On April 10, Tianyu Yuan successfully defended the thesis “Spatial organization and dynamics of chromatin polymers in their native folding state” (advisor: Simon Mochrie).
Yuan explained, “We are only beginning to understand how DNA and its associated machineries function at the microscopic and quantitative levels. Studying DNA organization and dynamics in vivo therefore offers fundamental insights into the physical properties of functional DNA, enabling us to explore the relationship between DNA’s structure, dynamics, and biological functions. At Yale, my work focused on modeling the spatial architecture and dynamics of DNA influenced by an organizational mechanism known as DNA loop extrusion, which is conserved across the tree of life. We developed the conserved-current loop extrusion (CCLE) model, which successfully reproduces the spatial structures of both vertebrate and non-vertebrate organisms. Our model’s broad applicability also reinforces the universality of the loop extrusion mechanism across the tree of life. My research lays the groundwork for uncovering the molecular mechanisms underlying DNA loop extrusion and its critical role within the intricate network of DNA functions.”

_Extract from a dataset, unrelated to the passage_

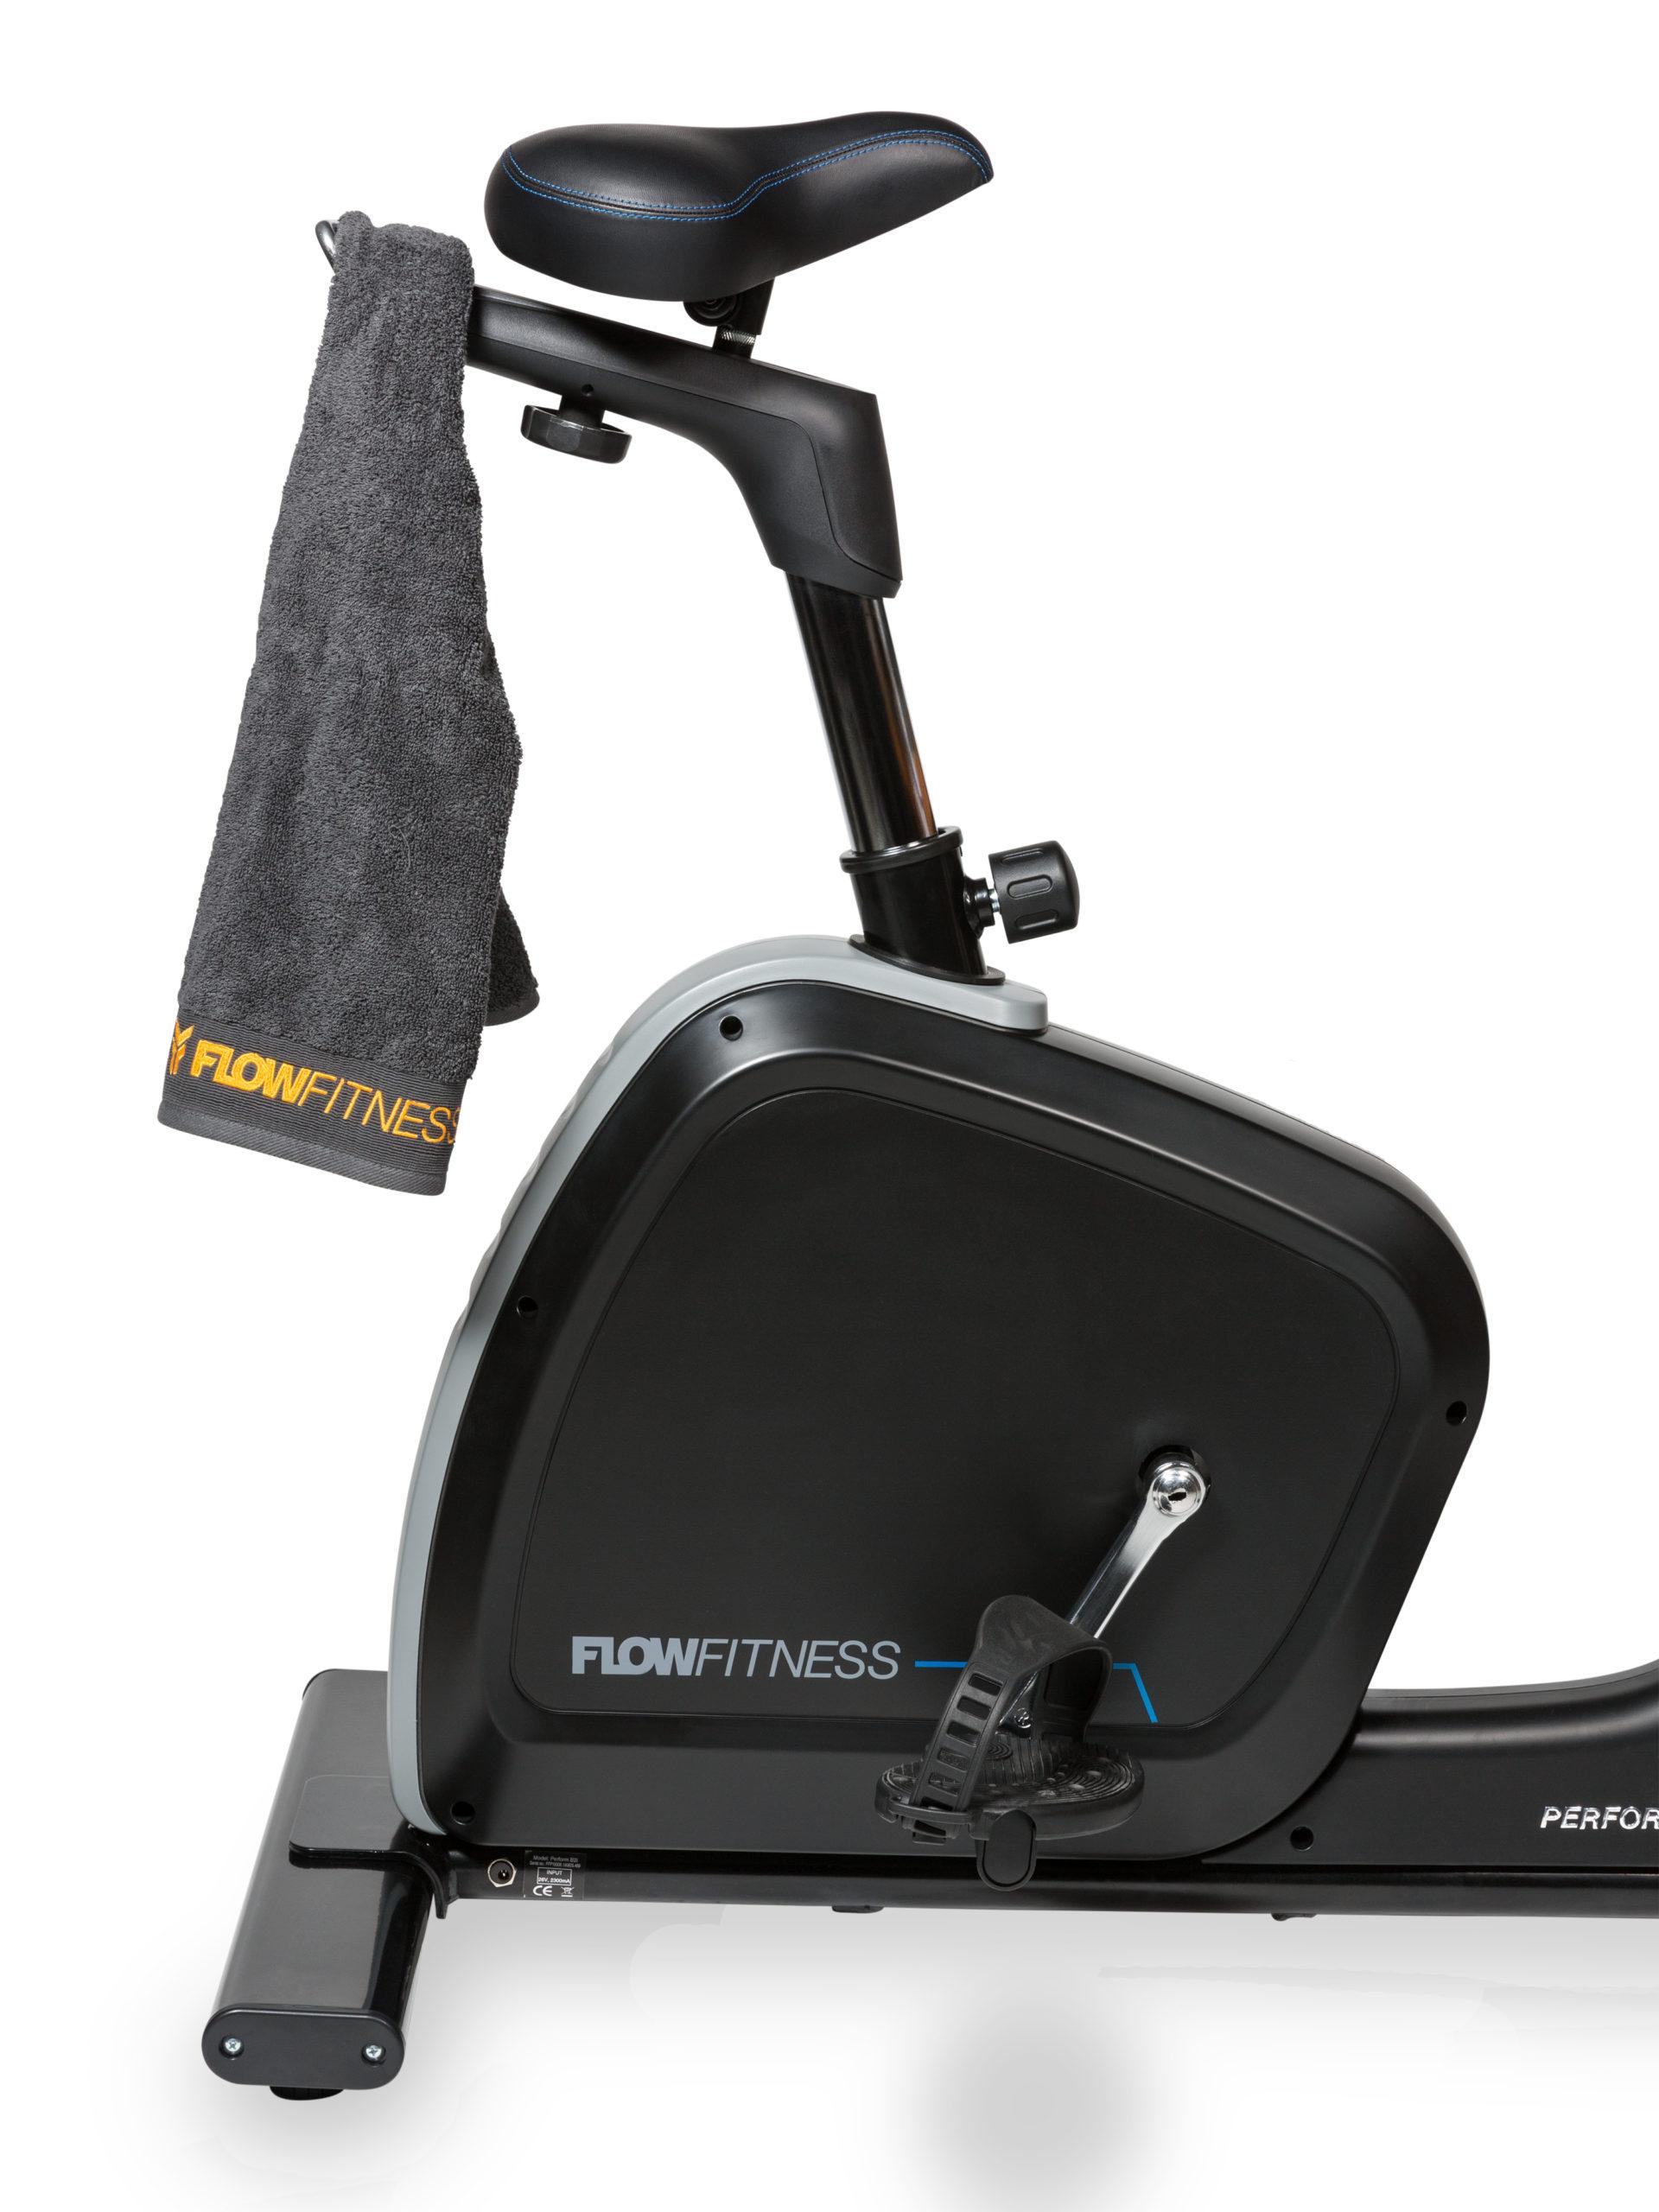 Flow Fitness Tabel PERFORM B2i Ergometer 10

Yuan will be a postdoc at Harvard Medical School in Ting Wu’s lab, using superresolution imaging techniques and modeling to probe DNA spatial organization and function.

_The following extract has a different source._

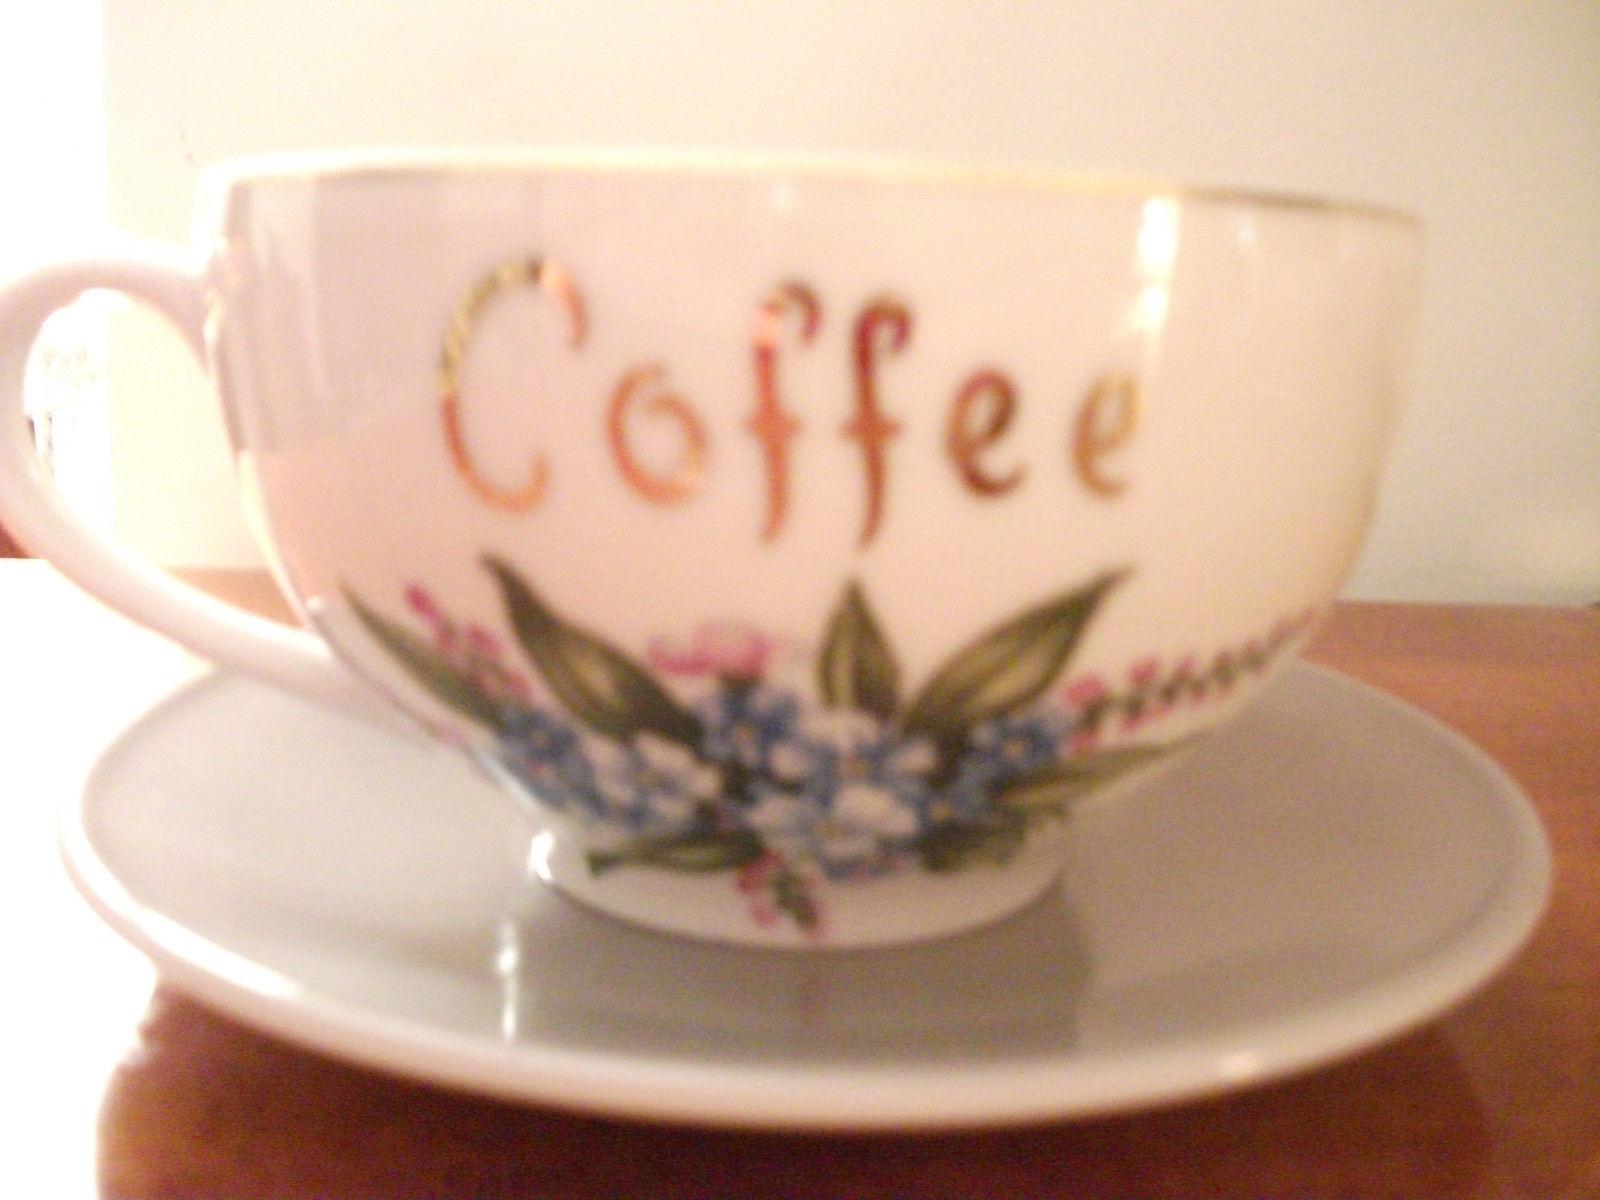 Dad Extra Large Teacup Tea Cup And Saucer Coffee Mug New

Thesis Abstract: The spatial organization and dynamics of chromatin polymers are crucial physical properties for gaining a comprehensive understanding of genetic functions and the complex network of the DNA and its associated proteins. To model the native state of the chromatin folded by active loop extrusion, we develop a mean-field-like theory that self-consistently recapitulates the distribution of associated motor protein and simultaneously reproduces the chromatin spatial conformation measured by Hi-C contact map. We show that the chromatin loop extrusion is the primary mechanism that governs its organization in yeasts and vertebrates. We also develop a theoretical framework based on the Rouse-model polymer to study the dynamics of chromatin with loops. By conducting simulations, we show that the loop extrusion restricts chromatin mobility instead of enhancing it. Our Rouse-model looped polymer framework and simulation method can also be used to estimate first-passage times of chromatin self-contact reactions, which are important for gene regulation and additional chromosomal processes.